Kamran was already mad at me. The night before, I had been exhausted from walking around Brooklyn with a visiting friend all day, and his good mood was really pinching my nerves, so I’d laughed when he’d stubbed his toe on my suitcase, which was still sitting in the middle of his floor since coming back from Ohio, and I’d said, “THAT should bring your mood down a little!” It was a joke, but he hadn’t liked it. But I’d thought it was funny and refused to apologize.
There was also the problem of the fly that had inexplicably shown up in his apartment days before and was insisting on landing on our heads while we ate. (And everyone knows flies poop every time they land.) A fly swatter was in order.
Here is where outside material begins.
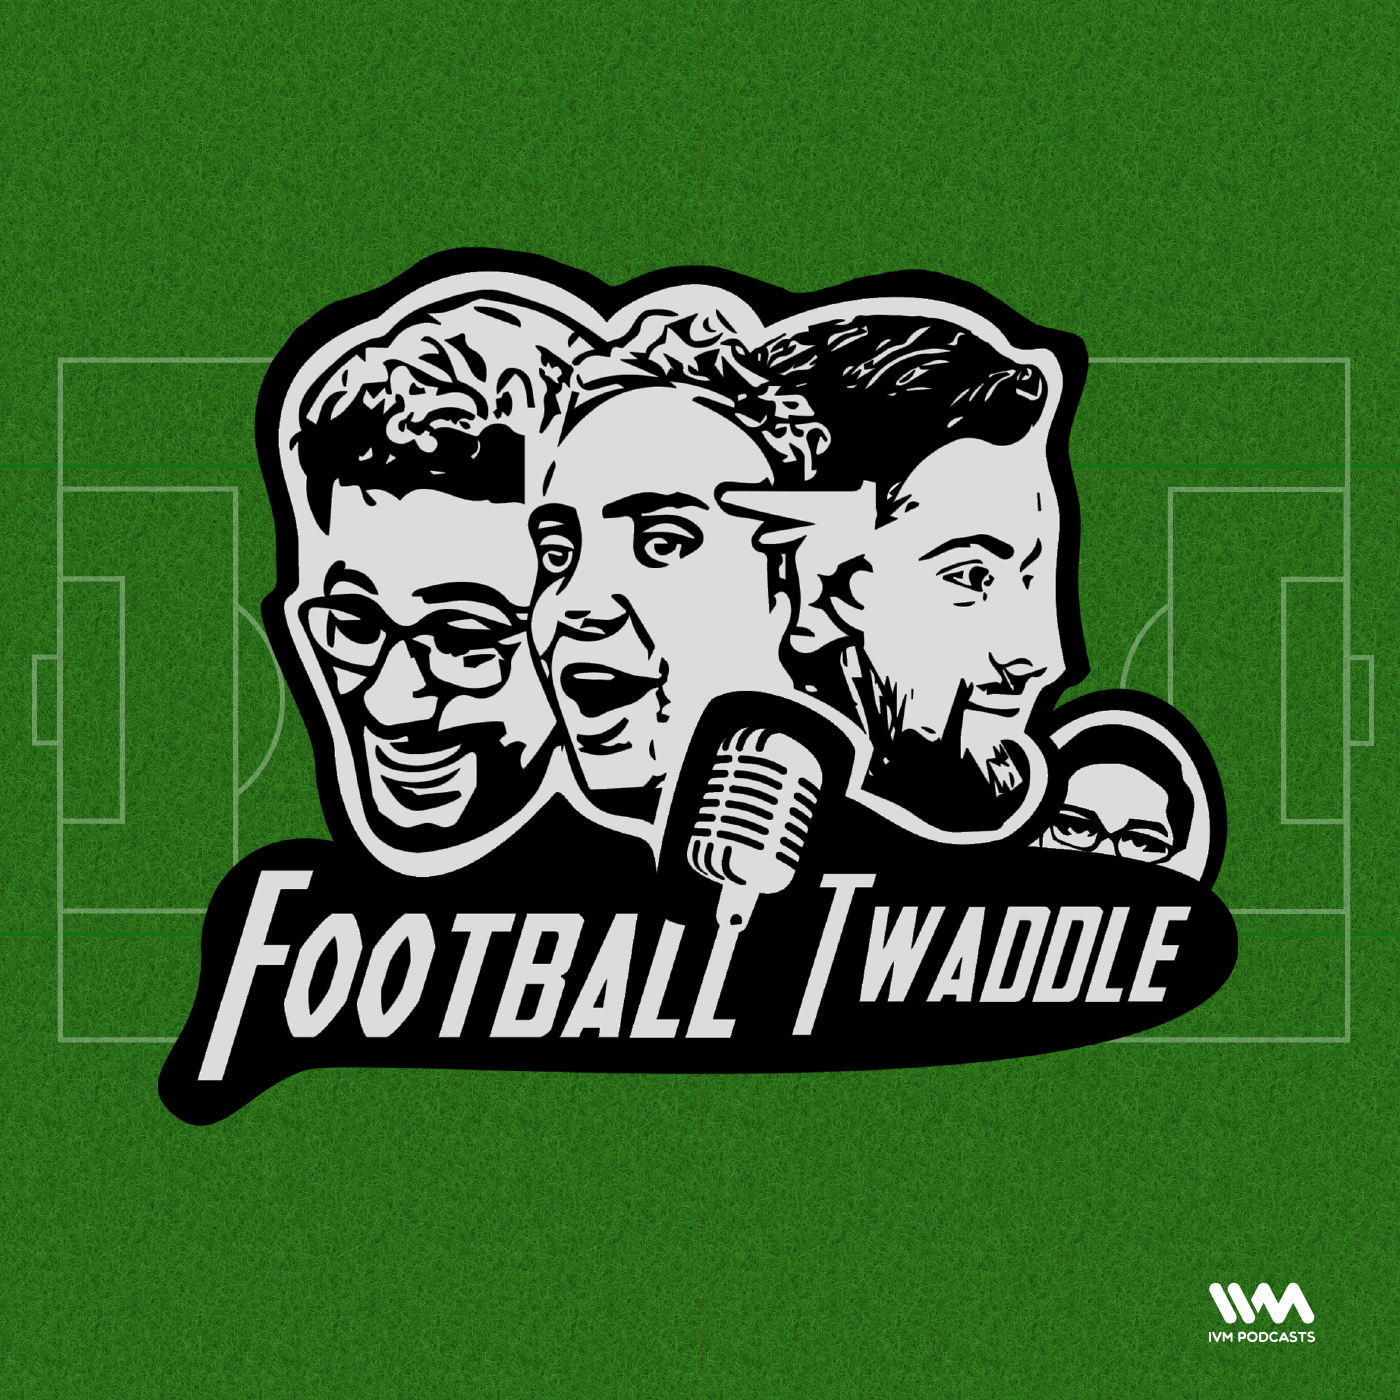 Football Twaddle
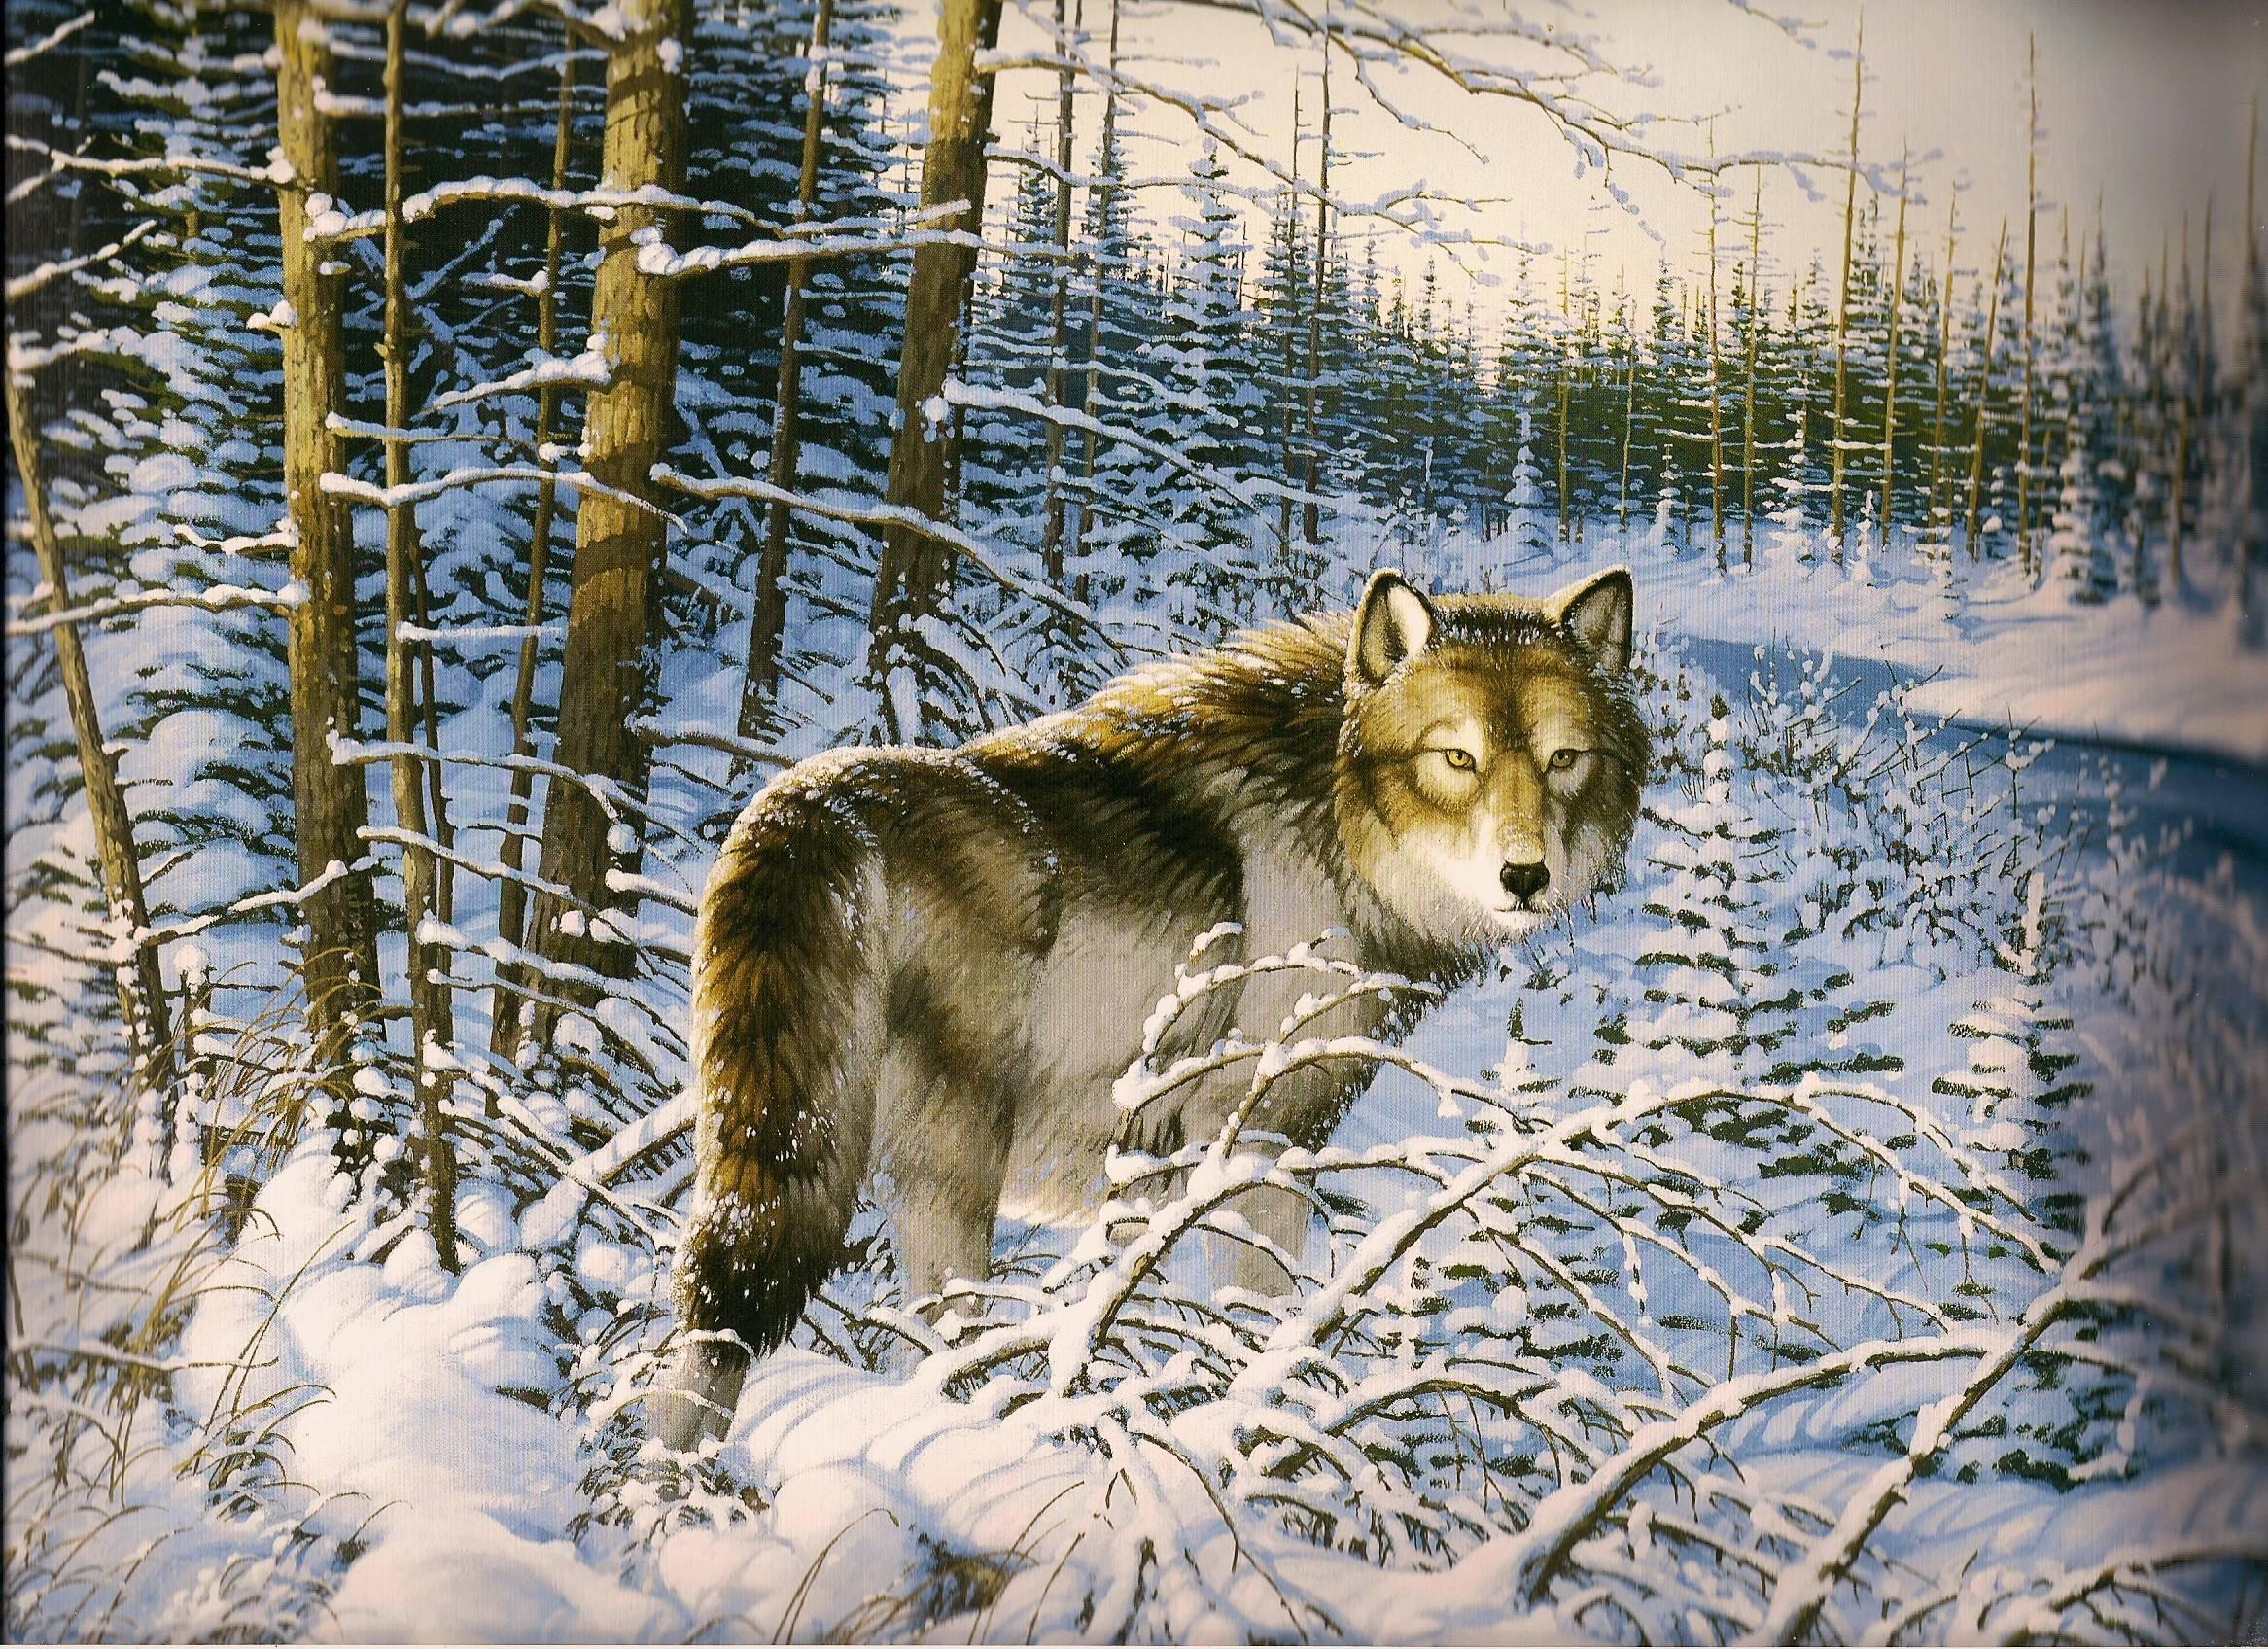 Spirit Animal Wallpapers Wallpaper Cave - Wallpaperzen org

So we walked up the street the six blocks to the hardware store, which wouldn’t have been a problem had my feet not still been burning from all of the walking I’d done that weekend. So in addition to being mad at me, Kamran was also having to walk ve-e-e-e-ery slowly so I could keep up with him. Except that he was impatient to get to the hardware store (and then the grocery store and the Middle Eastern place where he wanted to get dinner), so he kept walking ahead of me and then stopping and waiting, which was making me anxious, which was making me try to walk faster, which was making my feet hurt more.
We got to the hardware store, and he hastily asked the guy at the counter where the fly swatters were without saying thank you, and then he hastily asked a second employee for the same directions without saying thank you, and then he grabbed a fly swatter and handed it to me to bring to the counter, all of which is very unlike him. So now I was in a bad mood, too.
And it was then that Kamran realized he’d forgotten his wallet. And I never bring my wallet to the grocery store, because he never lets me pay, anyway, so we had the guy hold our precious fly swatter at the cash register while we went back to Kamran’s.
And it was then that Kamran realized he’d forgotten his keys. And I thought it was soooooo ironic, because I’m always pushing him out the door whenever we go anywhere, and he’s always complaining that I don’t give him time to get his wallet and keys, but I’d specifically hung back that night in order to not add insult to injury in light of the whole stubbed-toe situation.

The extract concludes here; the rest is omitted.